One of these issues is the “English votes for English laws” nationalism enthusiastically advocated by the Prime Minister, especially in the wake of the Scottish Independence Referendum last year [3]. This means that the issue of devolution within the UK is not just limited to Scotland and there will be a wider debate. The government has already published its view about the vehicle that should be used to carry forward that debate which it is feared will be a very select form of constitutional convention, both in terms of its composition and in terms of its remit.

It was this particularly that prompted the Electoral Reform Society to call for a genuine people’s constitutional convention to make sure all views in society were accommodated and which seeks to make sure that the way in which the convention works is open, democratic, responsive and meaningful.[4]

The second way in which this issue is unavoidable is that part of the overall devolution debate is the “Devo-Manc” policy that will see first Manchester and then presumably other major centres given devolved responsibility for a greater range of services than has ever previously been the case in modern Britain. [5] This means that there will need to be new models of democratic accountability to provide oversight for those devolved services.
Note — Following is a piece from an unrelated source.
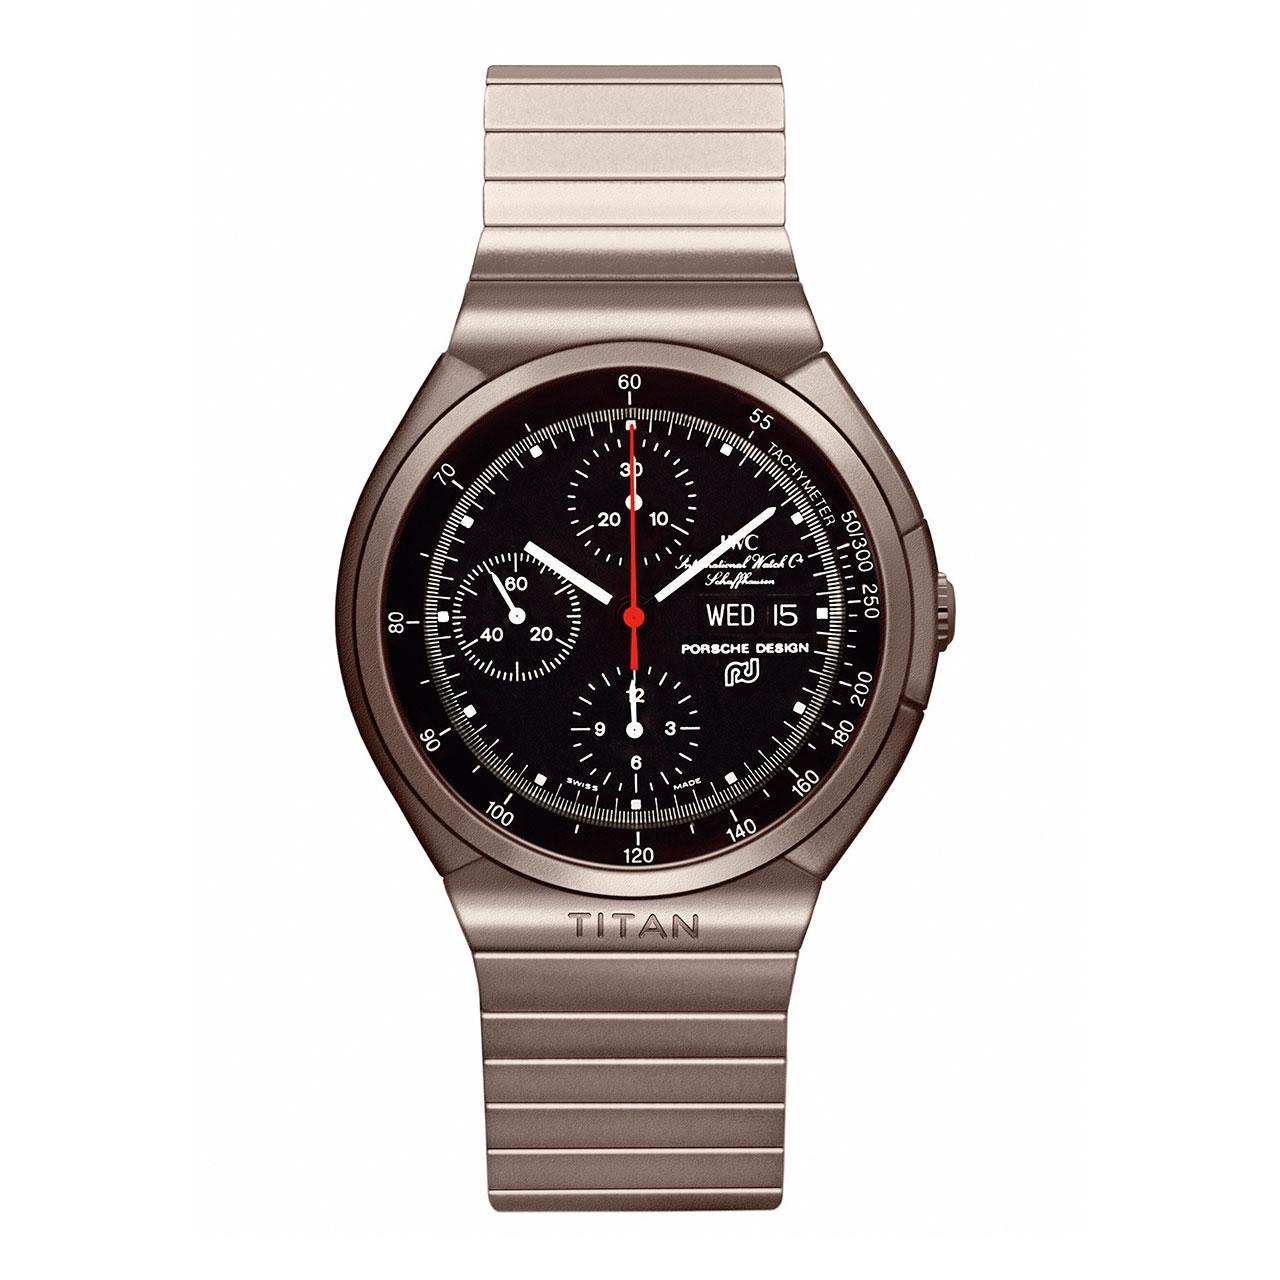 timepieces made by Porsche Design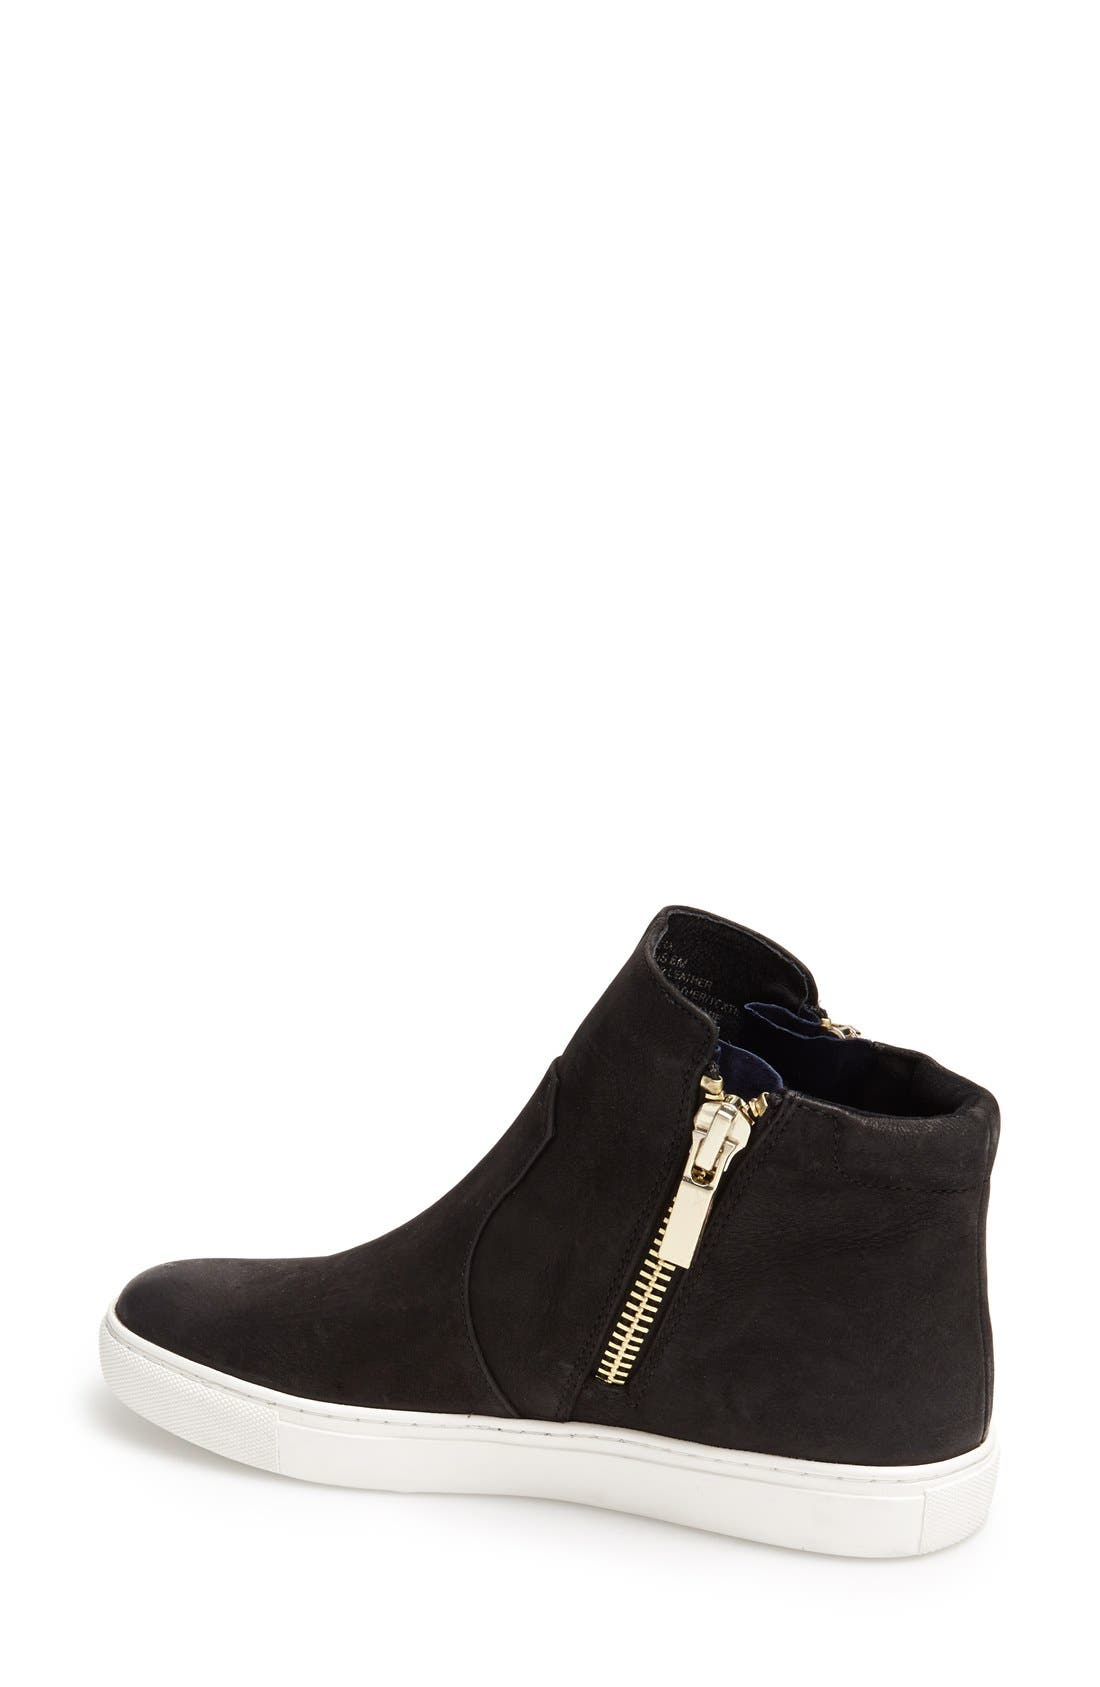 'Kiera' Zip High Top Sneaker,                             Alternate thumbnail 3, color,                             BLACK LEATHER

If there are new devolved models of accountability that means that all sorts of issues about how they are selected, how they work, what their remit is, come onto the table.

It is clearly important for progressive organisations to recognise this as an opportunity for engagement in order to participate in debate and influence outcomes.

Indeed, with initiatives looming that will significantly change pan-UK politics, (such as Individual Electoral Registration and the consequent re-drawing of parliamentary boundaries), it is more important than ever to be aware of any and every opportunity that exists to make sure our voice is heard.[6]


It is not just within the context of UK politics that the potential importance and value of constitutional conventions can be seen. Two fairly contemporary recent examples also show why this can be an important issue.

First example is the Irish Referendum on Equal Marriage. This was preceded by constitutional convention which many would argue allowed the issue of equal marriage onto the political debate, socialised the issue through debate and then made a major contribution in generating a public momentum for change that the government of the day found irresistible.[7]

The second example is that of the Scottish Constitutional Convention, established in 1981 which brought together a very wide-range of Scottish society – in fact all of Scottish society apart from the Conservative Party and some fellow travelling unionists.

The convention is credited as providing the social and political network that lead to effective devolution in the late 1990s when 20 years previously it had seemed an impossibility.[8]


Most recently, the newly/appointed Labour’s leadership has entered this debate. Last week Shadow Secretary of State for local government, Jon Trickett, announced the Party’s plans for their own People’s Assemblies. These are described at However, it seemed to me that this was open to misinterpretation and therefore criticism and limited success. My response, written in a personal capacity, to Jon’s proposals appears

In the same week, the TUC had its first substantive debate on electoral reform in many years, and is now committed to an investigation into possible forms of alternative voting.[9] However, many unions have yet to debate the issue internally.


The notions of electoral reform and constitutional reform, constitutional conventions and participative democracy have fresh momentum behind them and will be with us for the foreseeable future. It is therefore appropriate and necessary that the labour movement keeps this area under active review, seeking to influence both debate and the outcome.










“Walk Right Back” – The labour movement and young people

In the Labour Movement we are all glass-half-full sort of people.  We need to be and usually our optimism is justified.  But what if we are just being too naive too often?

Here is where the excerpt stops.